Most Chinese are cremated. Non-cremated burials are only allowed in parts of rural China.Euromonitor/Fu Shou Yuan

One reason that Fu Shou is targeting higher-priced funerals is that it can’t easily open up new graveyards to accommodate the rising number of deaths. As Quartz has reported, cemetery plots are increasingly scarce due to China’s real estate boom. Because of the rising costs of grave plots and ceremonies, the term sibuqi or “can’t afford to die” is now a common phrase.

Riding this wave is especially important for Fu Shou, one of the first private companies to break into the industry when it opened a cemetery in Shanghai in 1994. It faces increasing competition from other private and government-run cemeteries and funeral facilities. And because China’s death care industry is still dominated by smaller, regional players, Fu Shou’s overall market share was only 1% (pdf, p. 80) in 2012 despite being the largest in terms of revenue and geographical reach.

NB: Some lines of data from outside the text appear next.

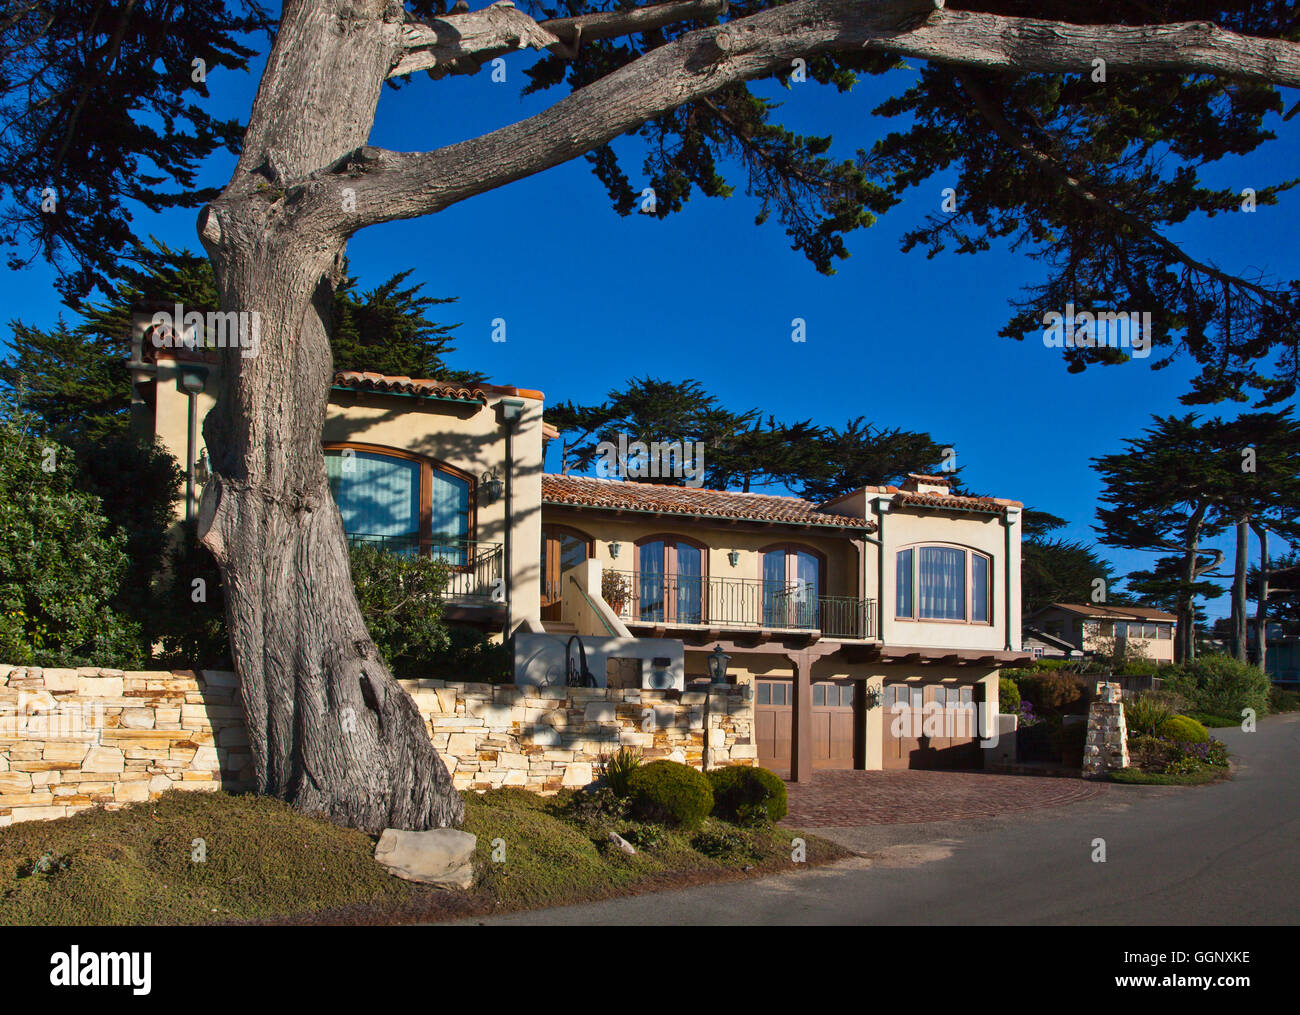 Casa de un millon de dolares fotografías e imágenes de alta resolución -  Alamy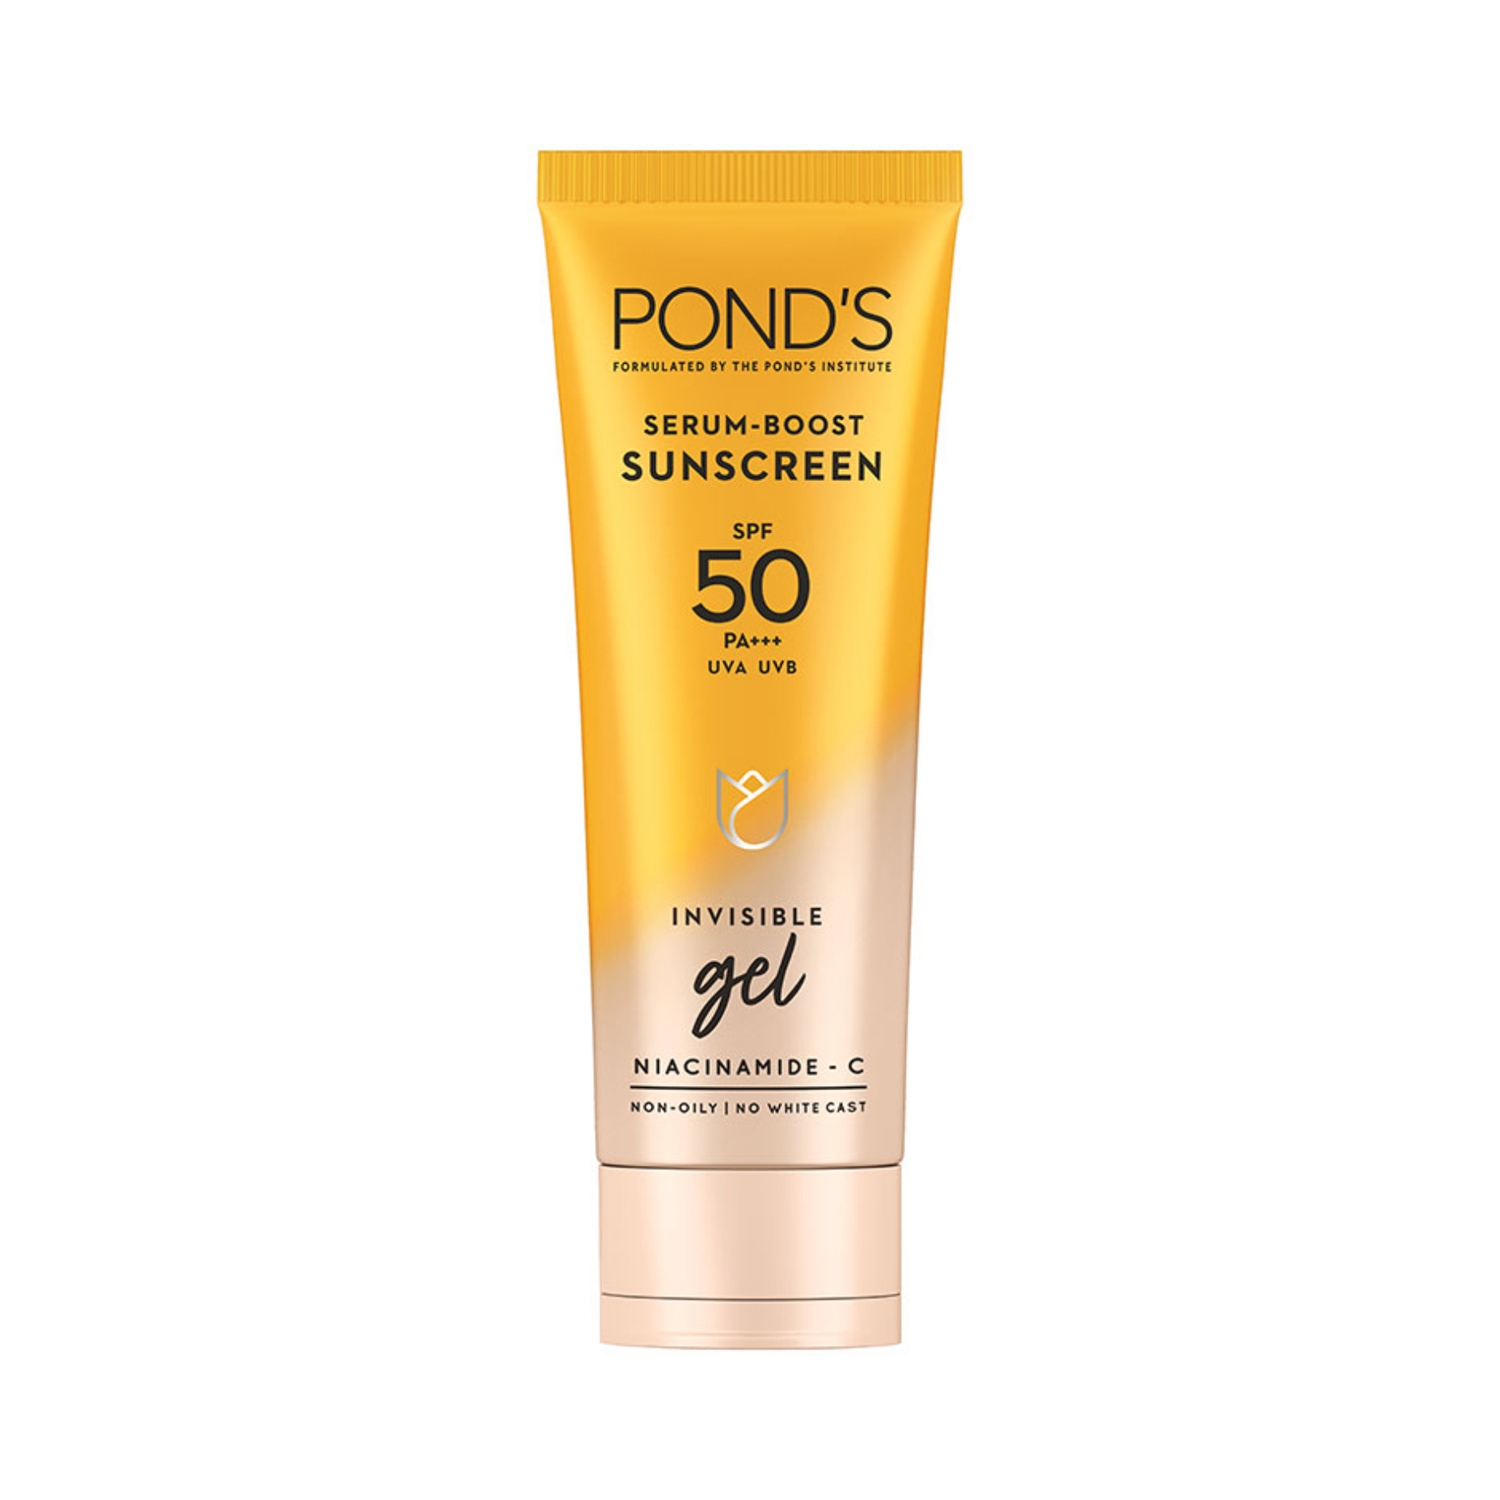 Pond's | Pond's Serum Boost Sunscreen Gel SPF 50 (100g)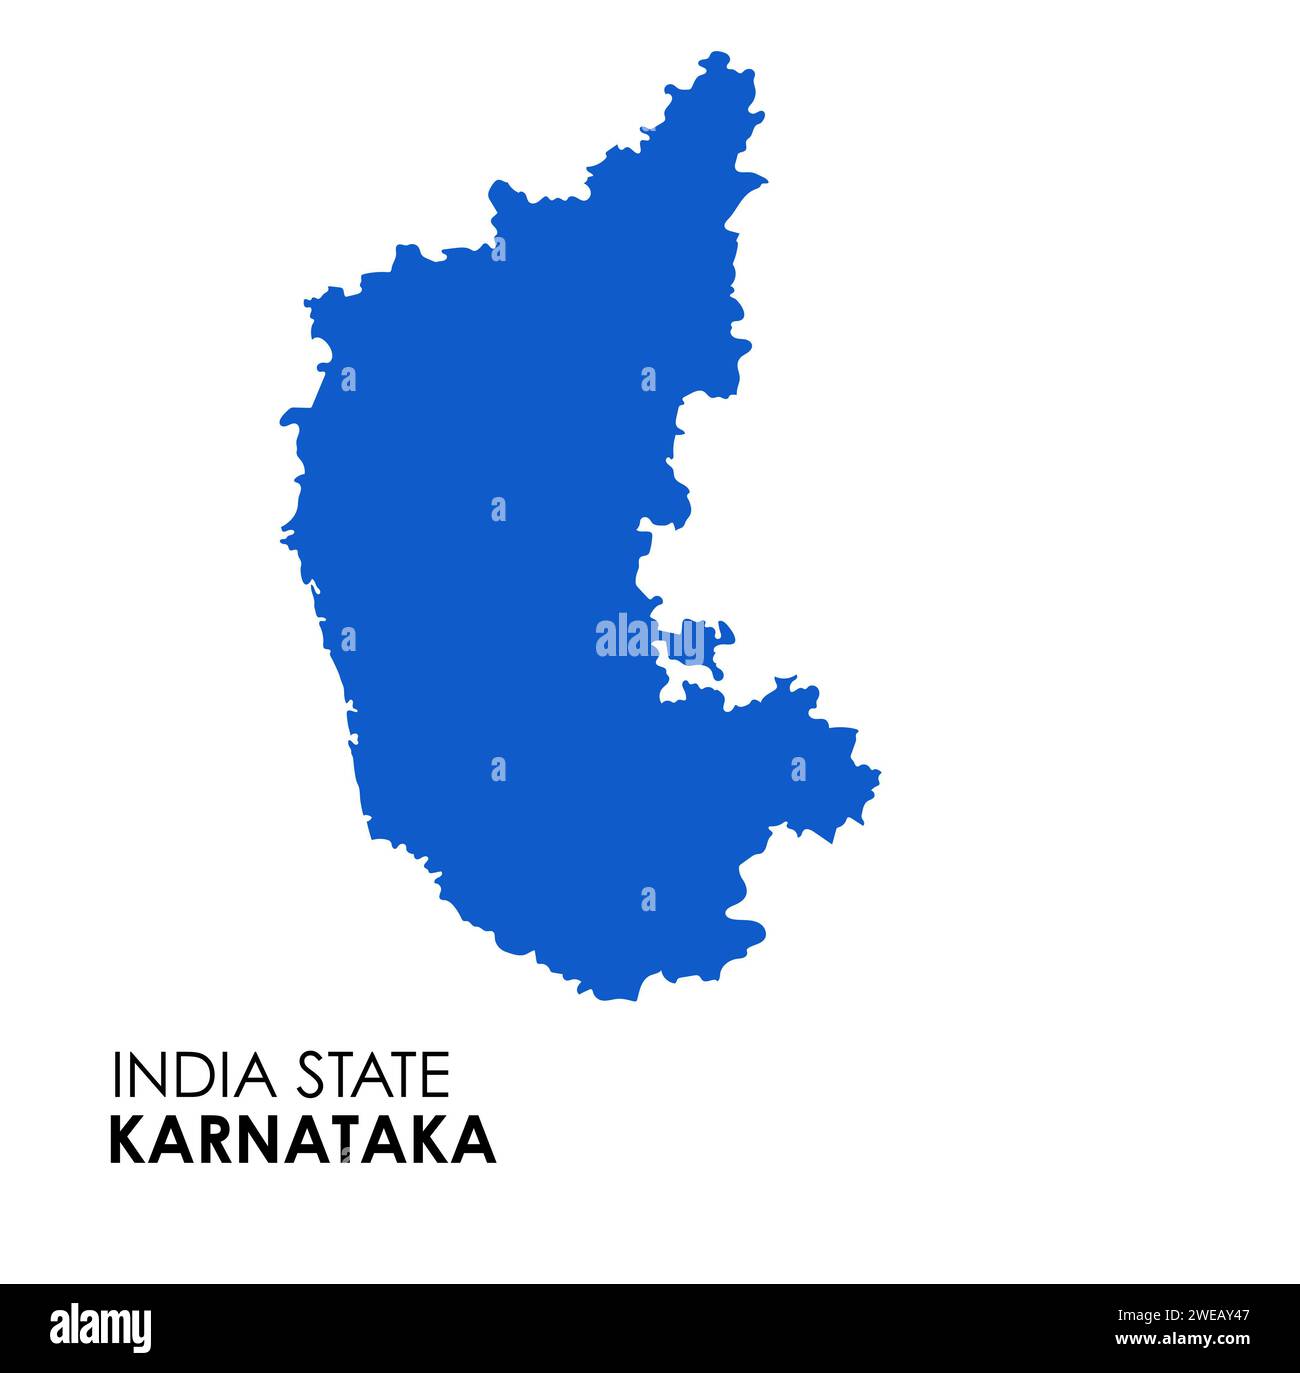 Karnataka map of Indian state. Karnataka map vector illustration. Karnataka map on white background. Stock Photo

So how is Fushou targeting the higher end of the market? According to a website on prices of tombstones in Beijing, a generic non-brand name stone costs 20,000 to 50,000 yuan but Fu Shou’s were above 100,000 yuan. Fu Shou also brags that its cemetery in Shanghai is the resting place for famous public figures (link in Chinese) like Ruan Lingyu, a Chinese starlet from the 1930s, Wang Daohan, a Chinese politician who managed China-Taiwan relations—as well as a tomb enshrining the clothes of the singer Teresa Teng, whose family was from China but lived and was buried in Taiwan.